» Instructions for the task:
Two lines in the listing below mark the span: one contains "H144 - Salt and pepper hexagon diamond" and one contains "потеря самолета А-50". Reproduce both of them and everything between, exactly.

» Provided records:
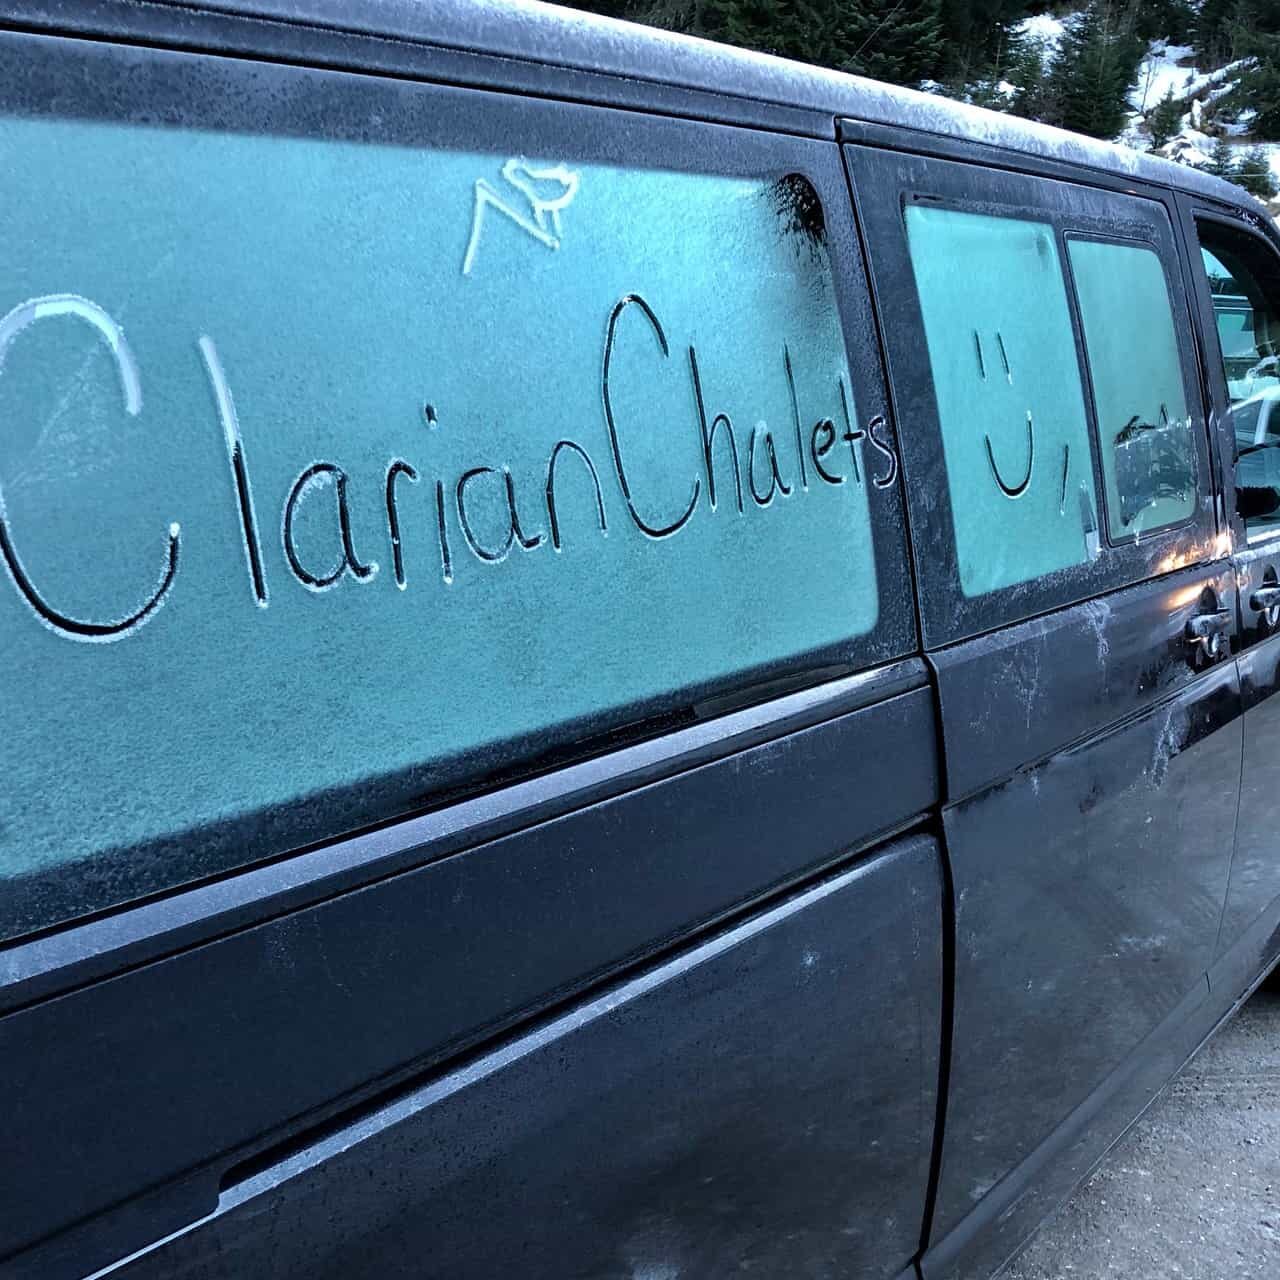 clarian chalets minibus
---
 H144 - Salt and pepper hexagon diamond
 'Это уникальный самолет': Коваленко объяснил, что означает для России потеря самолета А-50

» Response area:
 H144 - Salt and pepper hexagon diamond
 'Это уникальный самолет': Коваленко объяснил, что означает для России потеря самолета А-50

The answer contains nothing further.